Abstract

Microsomal cytochrome P450, the ethyl isocyanide difference spectrum of dithionite-reduced microsomes (measured at the pH giving equal absorbance of 430 and 455 mμ peaks), and the aniline type II difference spectrum were affected similarly after phenobarbital induction and during the subsequent aging in vitro (about 90 hr at 1° under nitrogen) of hepatic microsomes from rats pretreated with phenobarbital. In these same microsomal preparations from phenobarbital-pretreated rats, type I spectra (caused by adding hexobarbital or (+) benzphetamine to microsomes) were increased to a greater extent and were less stable to aging in vitro than the previously mentioned components. During aging, decreases in the type II spectra paralleled the loss of total heme, but large decreases in the type I spectra were observed with little or no loss of heme.
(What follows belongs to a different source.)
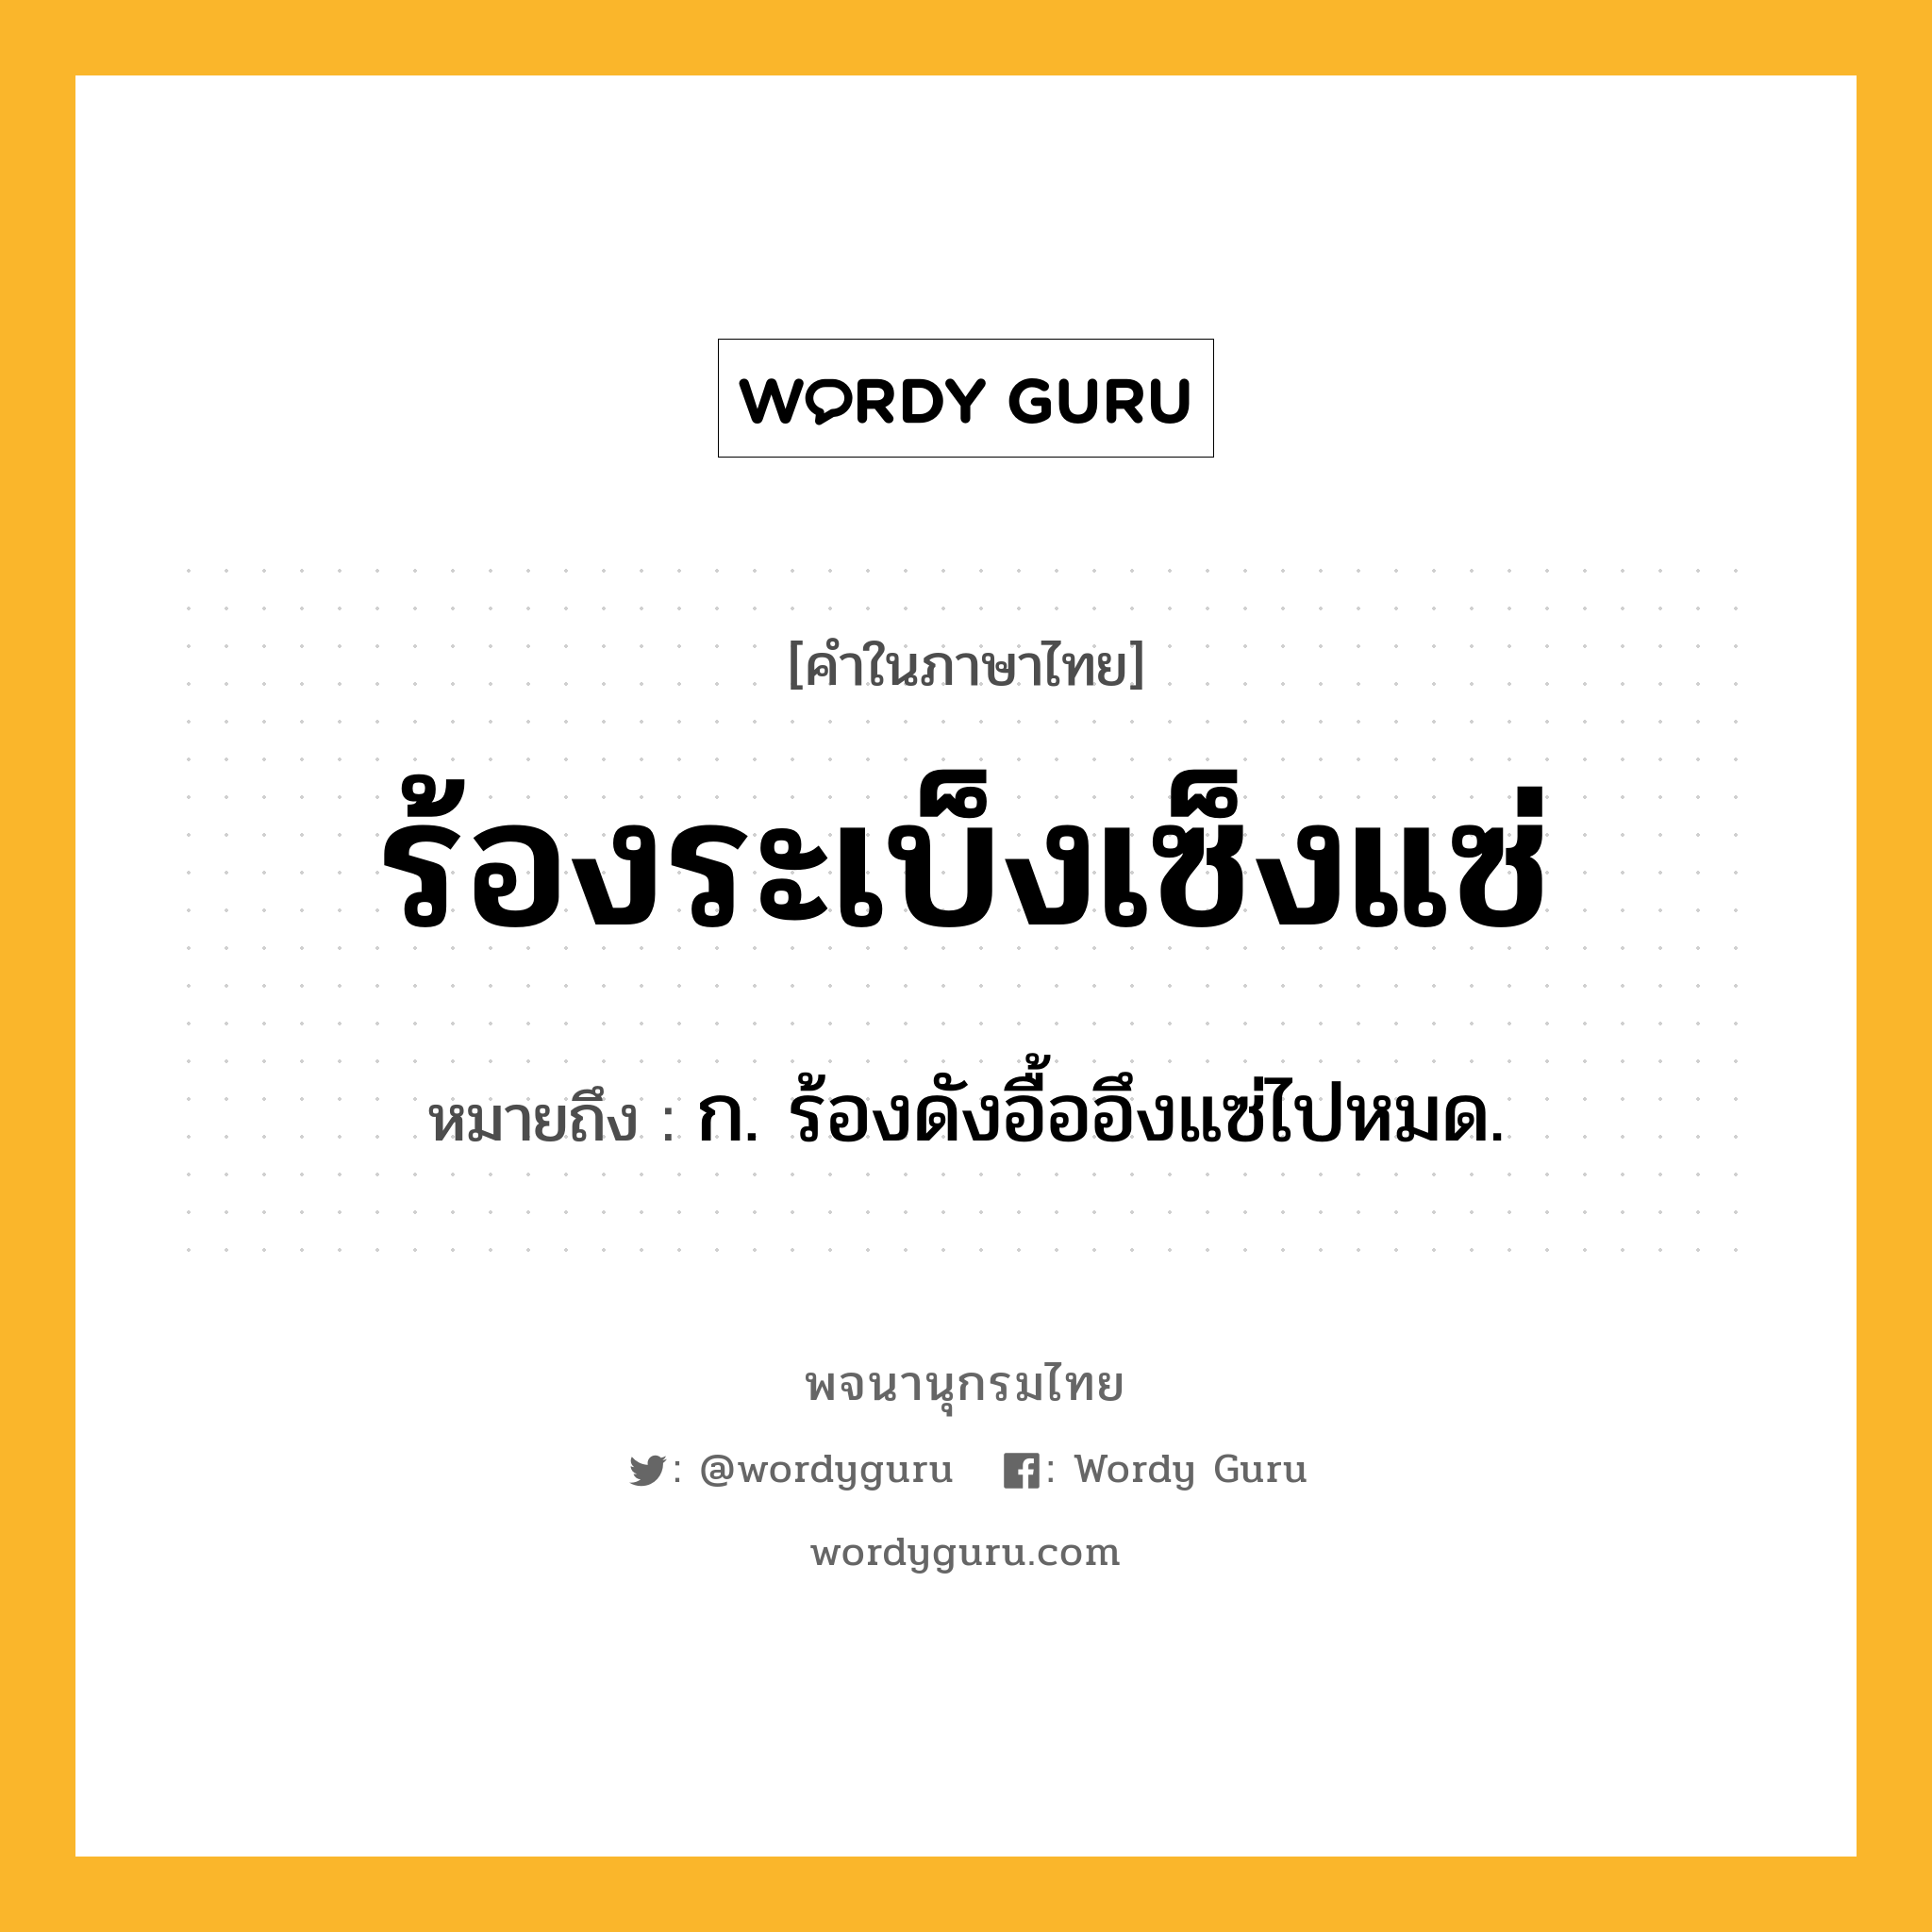 ร้องระเบ็งเซ็งแซ่ ความหมาย หมายถึงอะไร?, คำในภาษาไทย ร้องระเบ็งเซ็งแซ่ หมายถึง ก. ร้องดังอื้ออึงแซ่ไปหมด.

Also, aging did not change the pH giving equal absorbance of the 430 and 455 mμ peaks in the ethyl isocyanide difference spectrum, nor was there any shift in the wavelength of the maximum (450 mμ) in the carbon monoxide difference spectrum of dithionite-reduced microsomes. The binding associated with type I or II spectral changes did not appear to conform to simple Michaelis-Menten kinetics. Plots of ΔA vs. ΔA/S (where ΔA is the difference in absorbance between the trough and the peak in the 350 to 450 mμ region of the type I or II substrate-induced microsomal difference spectrum, and S is the corresponding substrate concentration) exhibited curvature (concave upwards). During aging, the curvature associated with plots of ΔA vs. ΔA/S using ( + ) benzphetamine increased, while the curvature associated with plots of ΔA vs. ΔA/S using aniline decreased. Some correlation was observed between increases in the rate of N-demethylation of (+) benzphetamine or p-hydroxylation of aniline and the increases in the respective type I or II difference spectra, after phenobarbital treatment of rats. Also it appeared that the rate of p-hydroxylation of aniline decreased to a lesser extent on aging than the rate of N-demethylation of (+) benzphetamine.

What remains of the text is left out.